The fourth row shows that ING is split into G and N with pivot I.
These are concatenated into GIN.
The sixth row concatenates GIN and R around pivot O to obtain GINOR.
The seventh row concatenates GINOR and T around pivot S to obtain GINORST.
](14_6_quicksort.png)

In the first step, the pivot is S, the letters that come before S are
ORING and the only letter that comes after is T. After sorting ORING into GINOR,
the S and T are concatenated back in that order, resulting in GINORST.

Here's a recursive quicksort algorithm.
It uses an auxiliary function that partitions the unsorted sequence into
three sequences: the smaller items, a sequence of length&nbsp;1 with the pivot and
the sequence of larger items.

1. if _n_ < 2:
   1. let _sorted_ be _unsorted_
1. otherwise:
    1. let (_smaller_, _pivot_, _larger_) be partition(_unsorted_)
    1. let _sorted_ be quicksort(_smaller_, _key_) concatenated with _pivot_ and quicksort(_larger_, _key_)
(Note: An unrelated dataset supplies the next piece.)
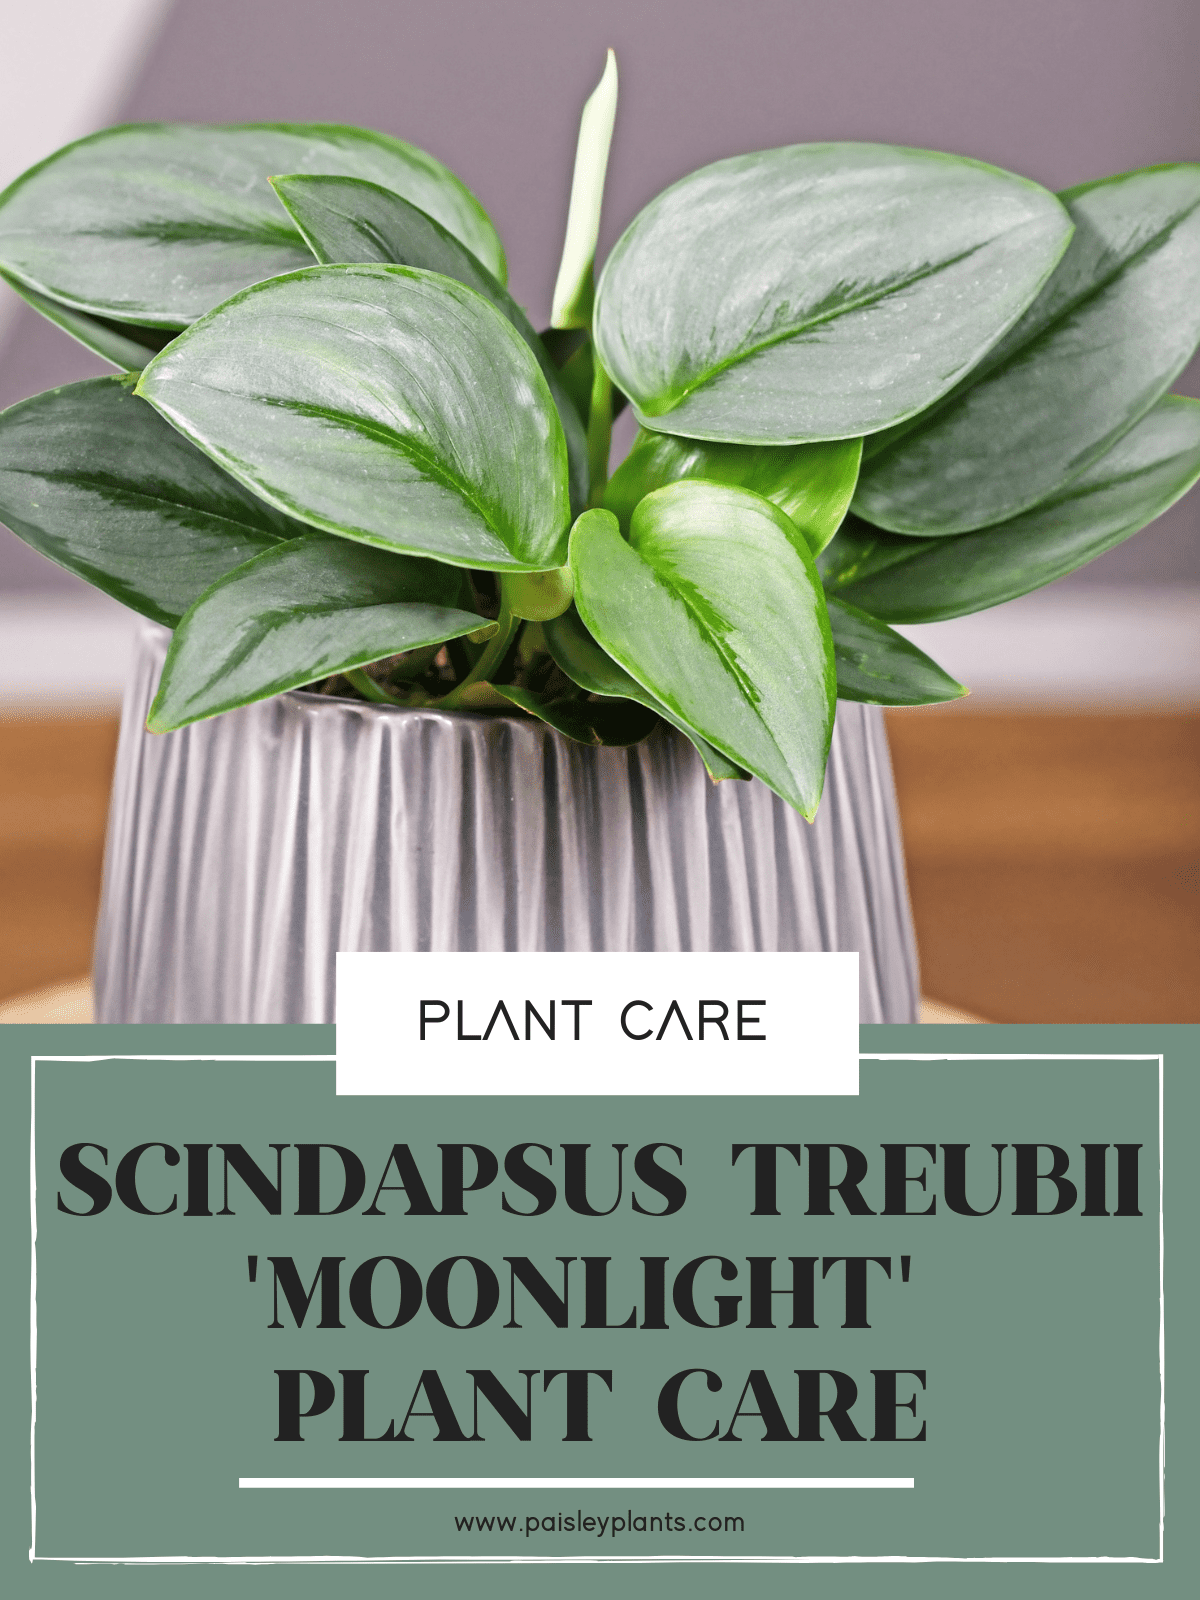 Scindapsus treubii 'Moonlight'

Step&nbsp;2.1 is an abuse of the assignment notation to
make the algorithm more readable.

The partition function simply chooses the first item as the pivot and adds the
other items to either partition, depending on how they compare to the pivot.

1. let _smaller_ be ()
2. let _larger_ be ()
3. let _pivot_ be _unsorted_[0]
4. for each _index_ from 1 to _n_ − 1:
   1. let _item_ be _unsorted_[*index*]
   1. if _key_(_item_) < _key_(_pivot_):
      1. append _item_ to _smaller_
   2. otherwise:
      1. append _item_ to _larger_
5. let _output_ be (_smaller_, (_pivot_), _larger_)

Note that the final step doesn't return the pivot but a sequence with it,
so that the concatenation operation can be applied in step&nbsp;2.2 of quicksort.

#### Exercise 14.6.1

Is the algorithm stable?

_Write your answer here._

[Hint](../31_Hints/Hints_14_6_01.ipynb)
[Answer](../32_Answers/Answers_14_6_01.ipynb)

### 14.6.2 Complexity

Each recursive call goes through its input sequence twice:
first to partition it and then to concatenate the partitions and the pivot.
The recursive complexity definition is:

- if _n_ < 2: T(_n_) = Θ(1)
- if _n_ ≥ 2: T(_n_) = Θ(_n_) + T(│*smaller*│) + T(│*larger*│) + Θ(_n_)
  = T(│*smaller*│) + T(│*larger*│) + Θ(_n_).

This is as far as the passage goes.